Before we can begin, we must keep in mind that we are looking for vertical rectangles with a width of $ \Delta x $. That means the height must also be in terms of $ x $. Knowing this, lets get our two functions in terms of $ x $ before getting to the real work.

Function 1

\[ \begin{equation} \begin{split} x& =y^2-4y\\ x+4& =y^2-4y+4\\ x+4& =(y-2)^2\\ \pm \sqrt{x+4}& =y-2\\ y& =2\pm \sqrt{x+4} \end{split} \end{equation} \]

Function 2

\[ \begin{equation} \begin{split} x& =2y-y^2\\ -x& =y^2-2y\\ 1-x& =y^2-2y+1\\ 1-x& =(y-1)^2\\ \pm \sqrt{1-x}& =y-1\\ y& =1\pm \sqrt{1-x} \end{split} \end{equation} \]

So really, there are actually 4 functions here:

\[ \begin{equation} \begin{split} y& =2+\sqrt{x+4} \ \ \text{<- top}\\ y& =2-\sqrt{x+4} \ \ \text{<- bottom}\\ y& =1+\sqrt{1-x} \ \ \text{<- top}\\ y& =1-\sqrt{1-x} \ \ \text{<- bottom} \end{split} \end{equation} \]
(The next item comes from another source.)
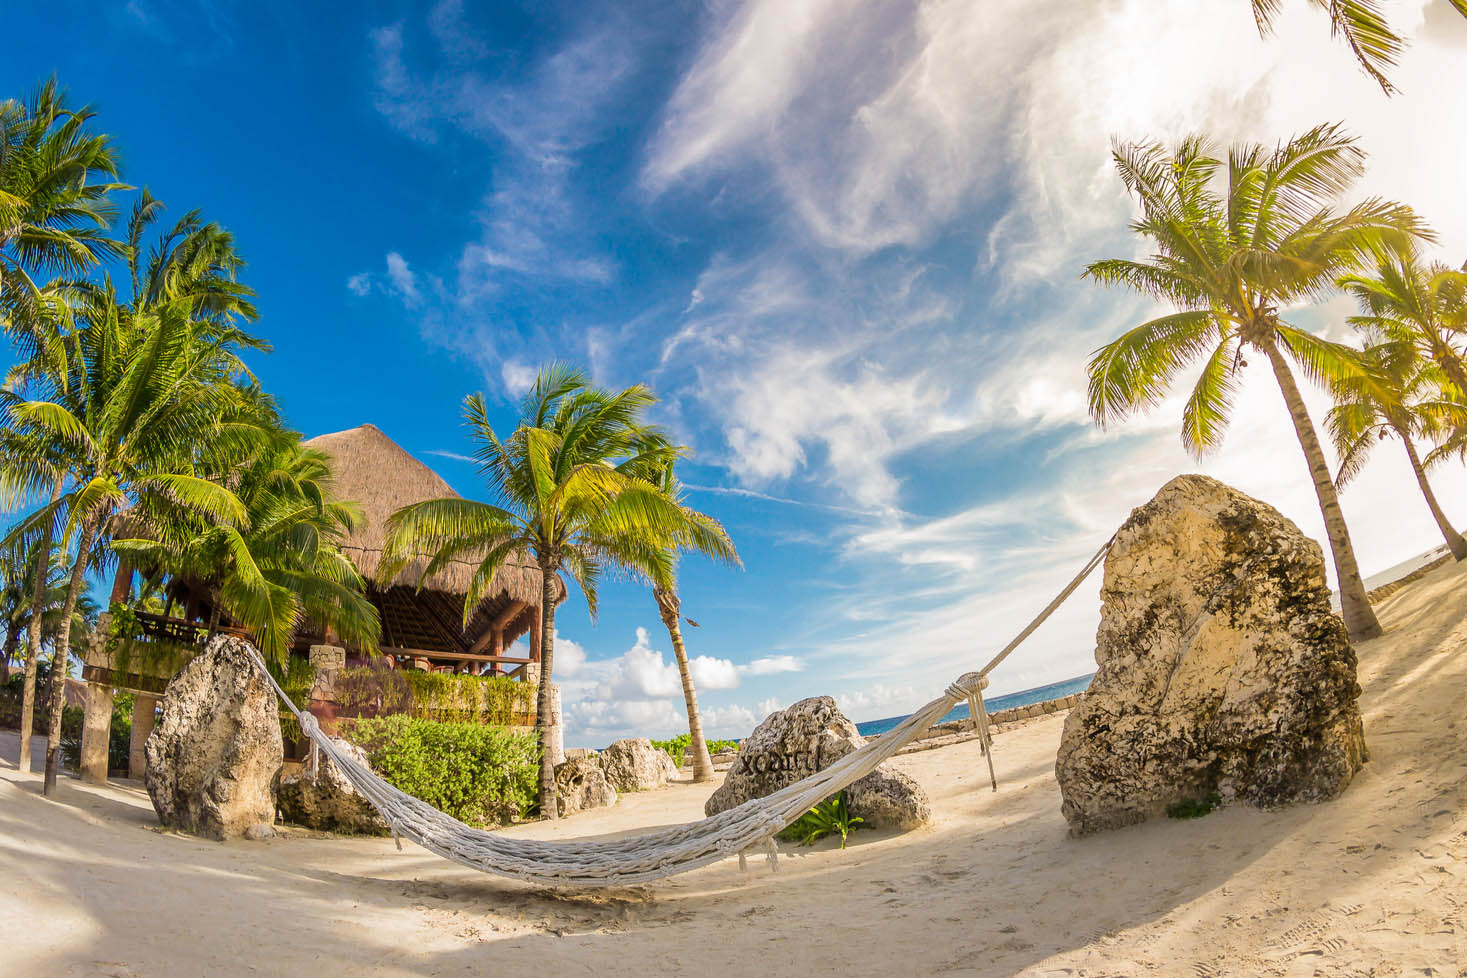 Que hacer en Cancun: parques temáticos - Avantrip Blog

Each equation is split into the top half and the bottom half. This will be an important point to keep in mind later when determining the bounds for each region.

Region 1

We can see that the leftmost region only involves the curve $ x = y^2 - 4y $. The first step in finding the area of this region is to define its boundaries. In fact, we already have the first 3 defined for us if we inspect the graph.

Region 1

The stickler, is that one on the left. If we think about it a moment though, the left boundary is really the minimum of the function $ x = y^2-4y $. We can find this by finding where $ x'=0 $ AND where its sign changes from negative to positive.

\[ \begin{equation} x'=2y-4 \end{equation} \]

\[ \begin{equation} \begin{split} x'& =0\\ 2y-4& =0\\ y& =2 \end{split} \end{equation} \]

Region 1 number line

If we take a look at $ x' $ on a number line, we can see that a min does occur at $ y = 2 $. Therefore,

\[ \begin{equation} \begin{split} x& =(2)^2-4(2)\\ & =-4, \end{split} \end{equation} \]

is the left boundary for this region.

\[ \begin{equation} \begin{split} A_{r1}& =\int_{-4}^{-3}[(2+\sqrt{x+4})-(2-\sqrt{x+4})]\ dx\\ & =\int_{-4}^{-3}(2\sqrt{x+4})\ dx\\ & =2\int_{-4}^{-3}\sqrt{x+4}\ dx \end{split} \end{equation} \]

Hmm, well, I don't really know how to take an integral of $ \sqrt{x+4} $, so let's do some substitution.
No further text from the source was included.